Start of Provided data
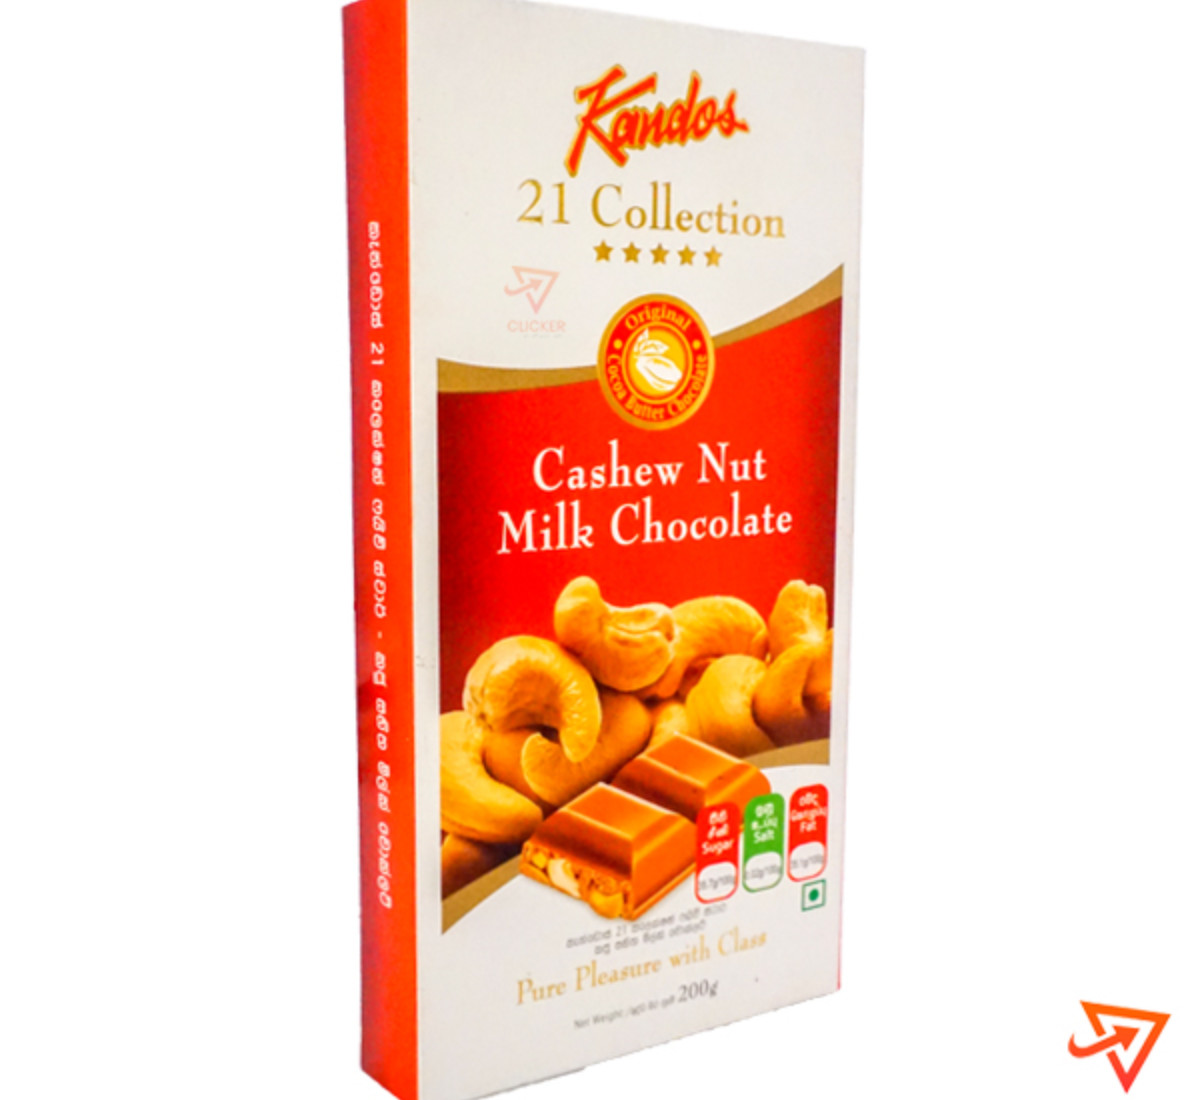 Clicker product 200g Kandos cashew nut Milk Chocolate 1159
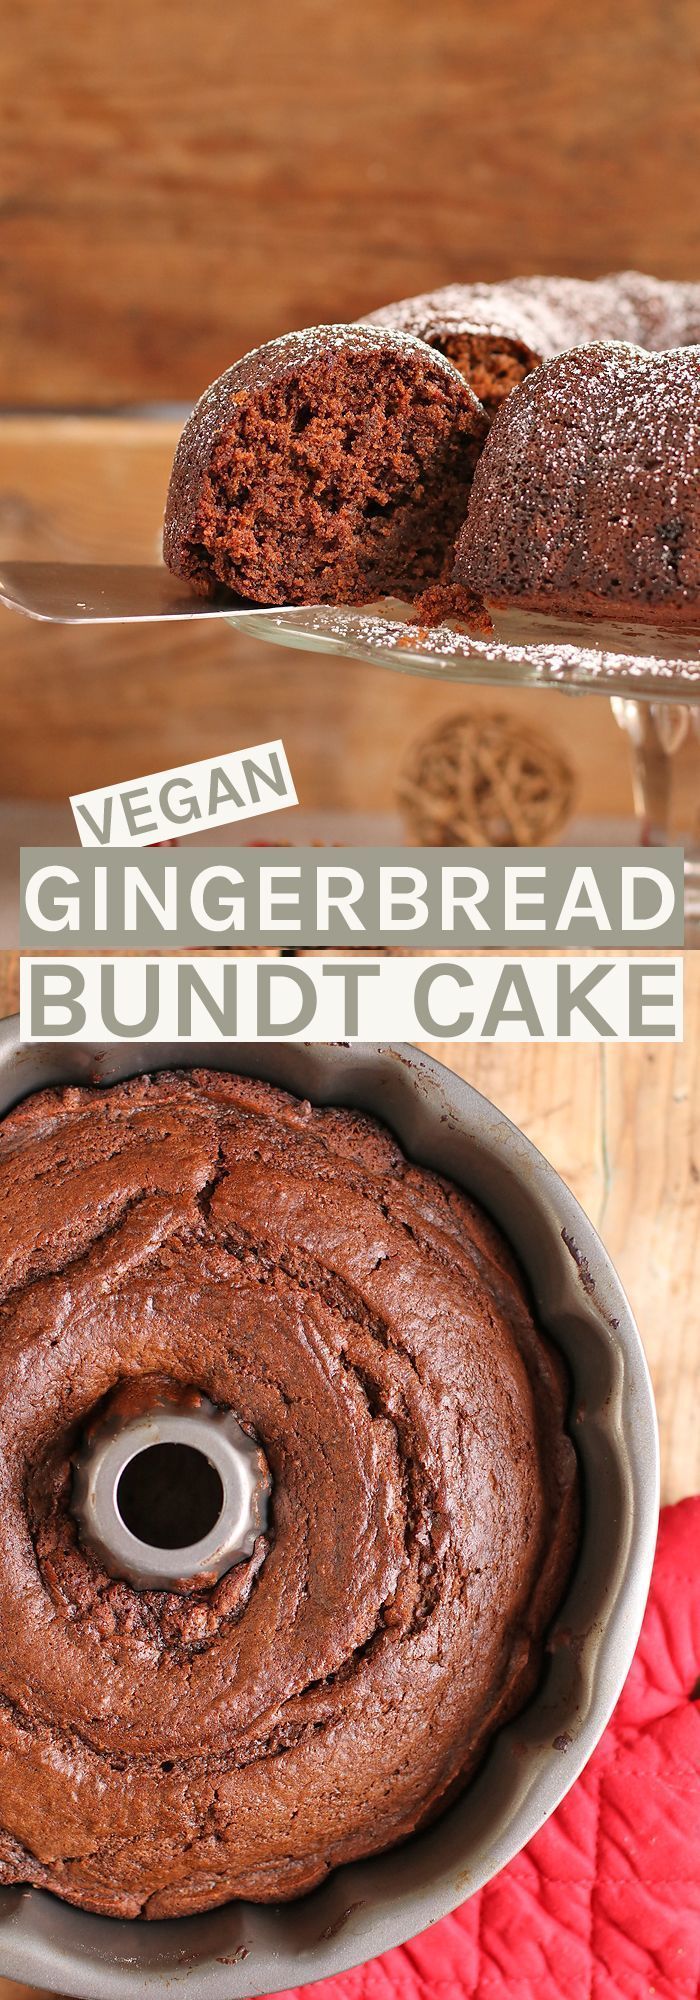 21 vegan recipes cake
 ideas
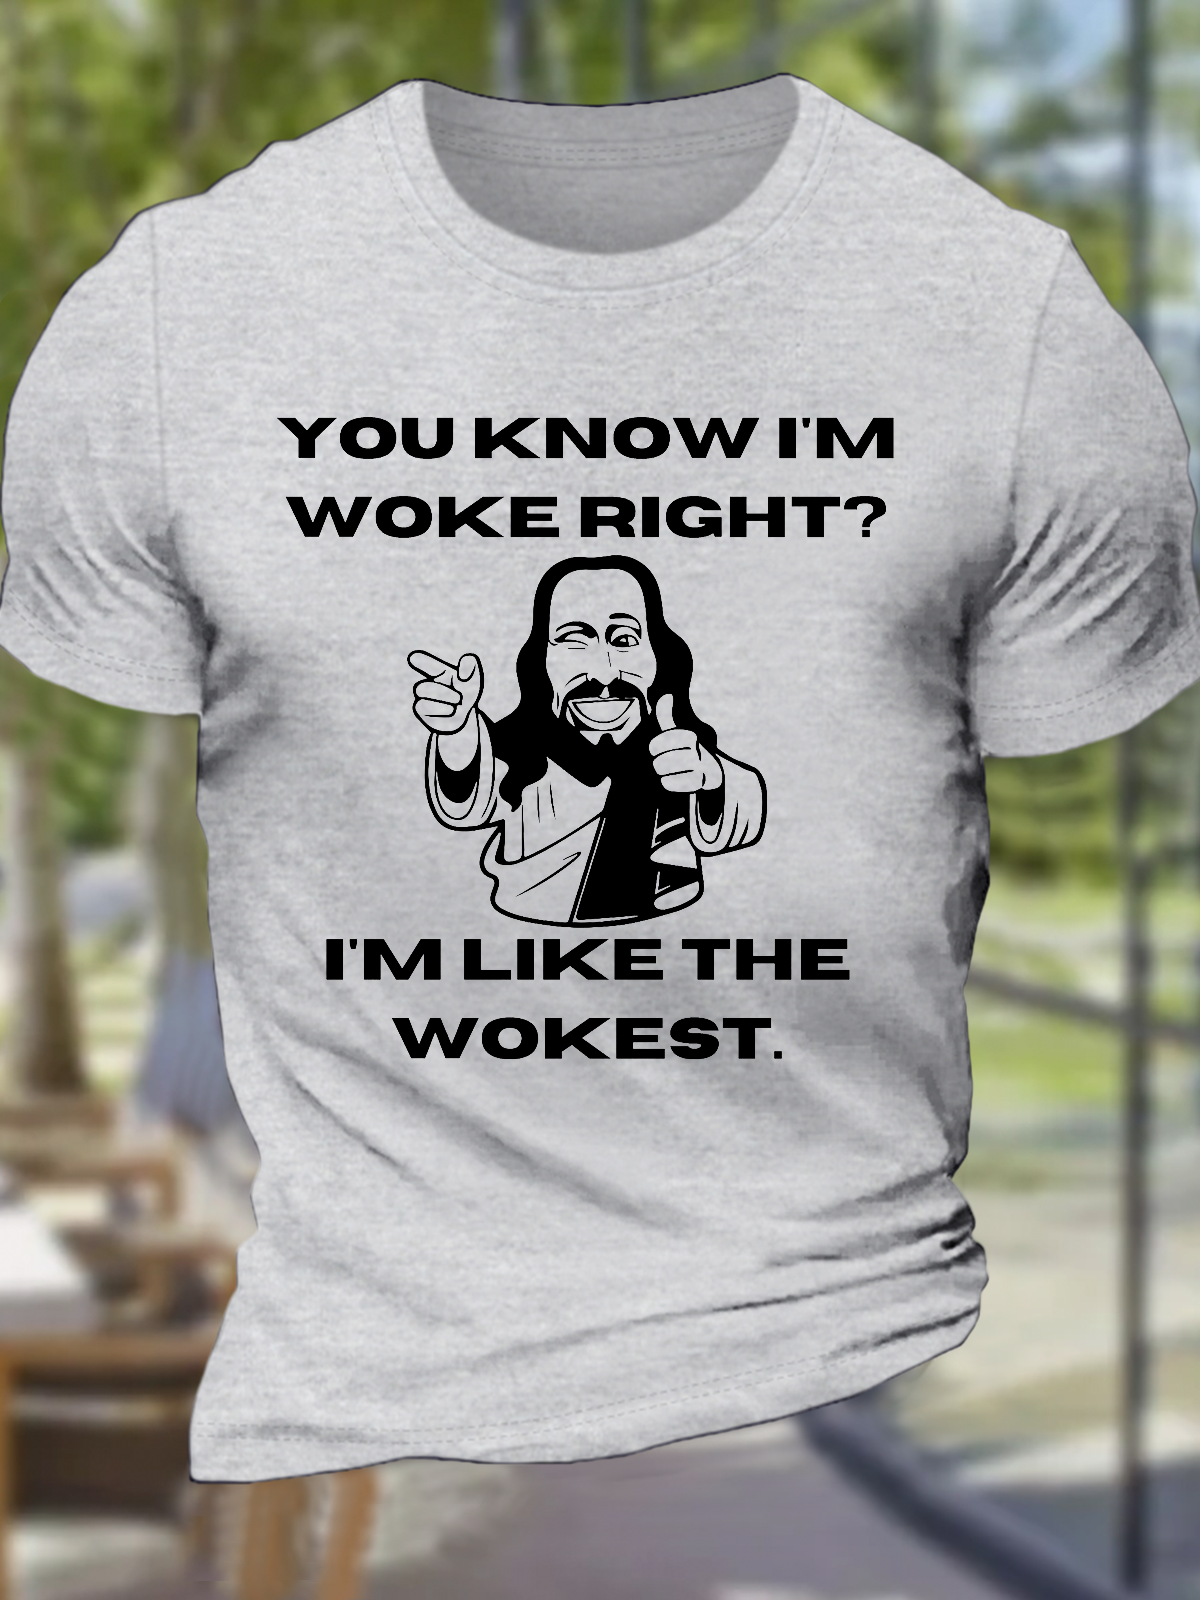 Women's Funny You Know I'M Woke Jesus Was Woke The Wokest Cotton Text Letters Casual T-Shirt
End of Provided data
Transcribe the data word for word, with no images.

 Clicker product 200g Kandos cashew nut Milk Chocolate 1159
 21 vegan recipes cake
 ideas
 Women's Funny You Know I'M Woke Jesus Was Woke The Wokest Cotton Text Letters Casual T-Shirt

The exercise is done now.